• _Source material_
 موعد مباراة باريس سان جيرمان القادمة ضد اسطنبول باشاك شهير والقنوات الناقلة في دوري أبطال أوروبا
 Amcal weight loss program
---
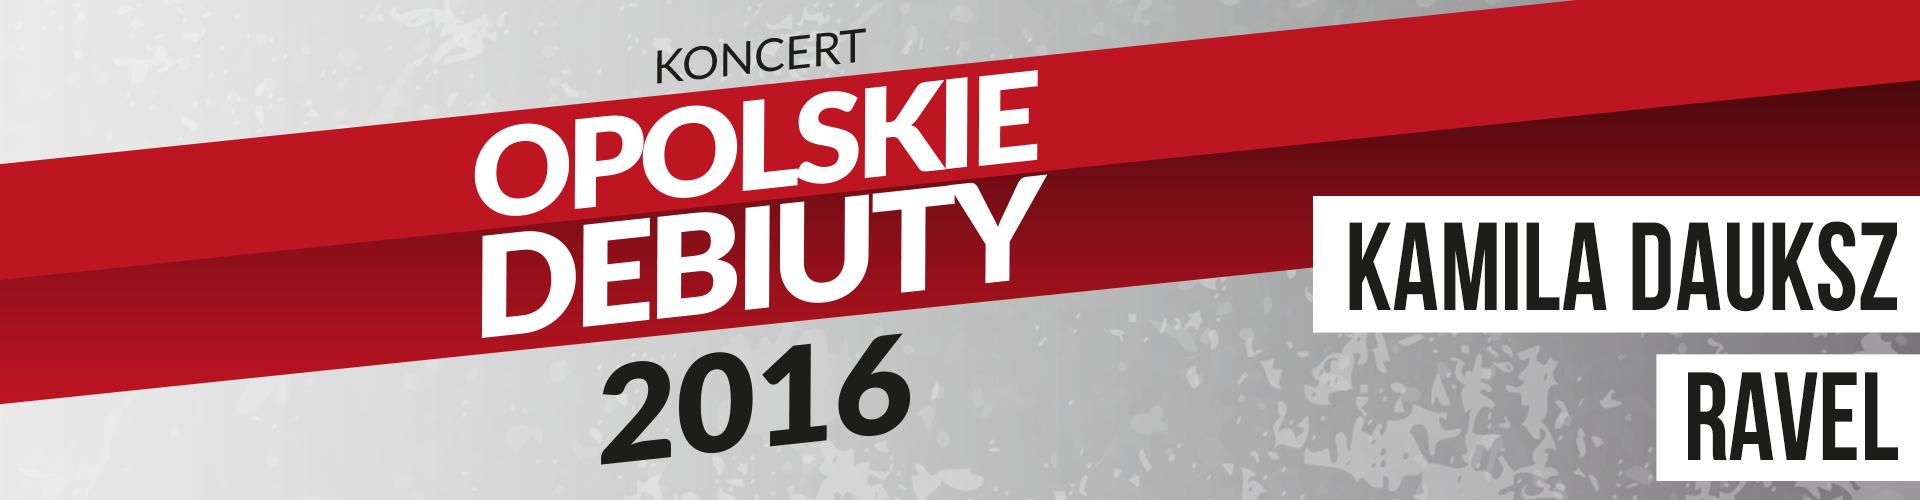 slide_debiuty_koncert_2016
--
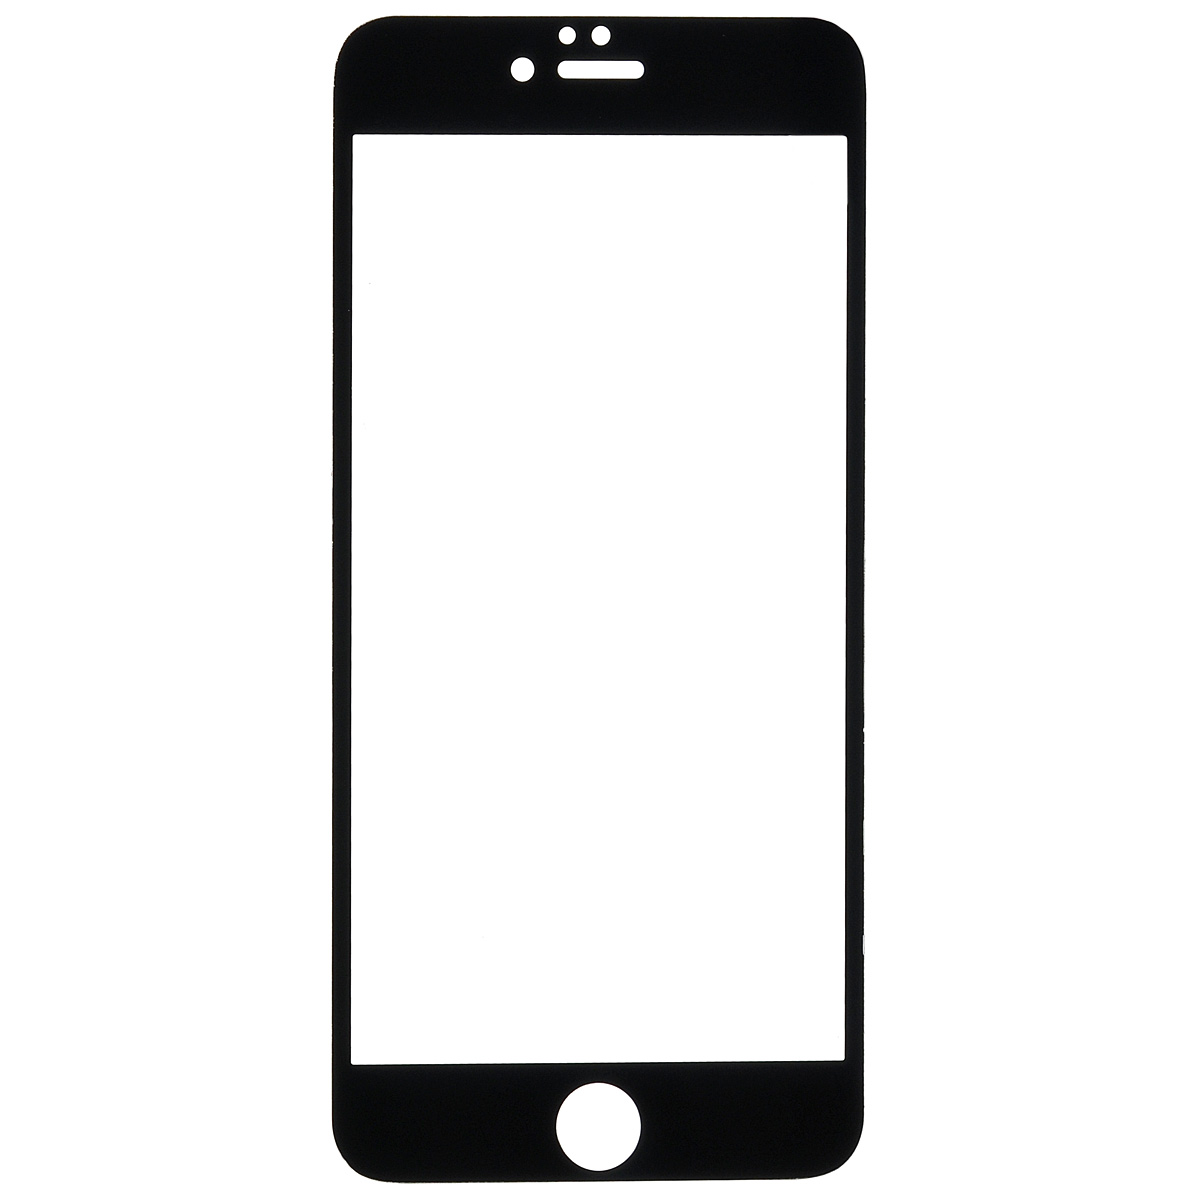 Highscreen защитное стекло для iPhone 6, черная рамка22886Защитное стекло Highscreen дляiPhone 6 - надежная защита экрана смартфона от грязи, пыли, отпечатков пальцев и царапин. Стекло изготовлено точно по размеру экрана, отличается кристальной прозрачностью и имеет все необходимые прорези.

• _Task goal_
Give an exact copy of the lines above from the line with "موعد مباراة باريس" up to and including the line with "Amcal weight loss program", and leave everything else out.

• _Output below_
 موعد مباراة باريس سان جيرمان القادمة ضد اسطنبول باشاك شهير والقنوات الناقلة في دوري أبطال أوروبا
 Amcal weight loss program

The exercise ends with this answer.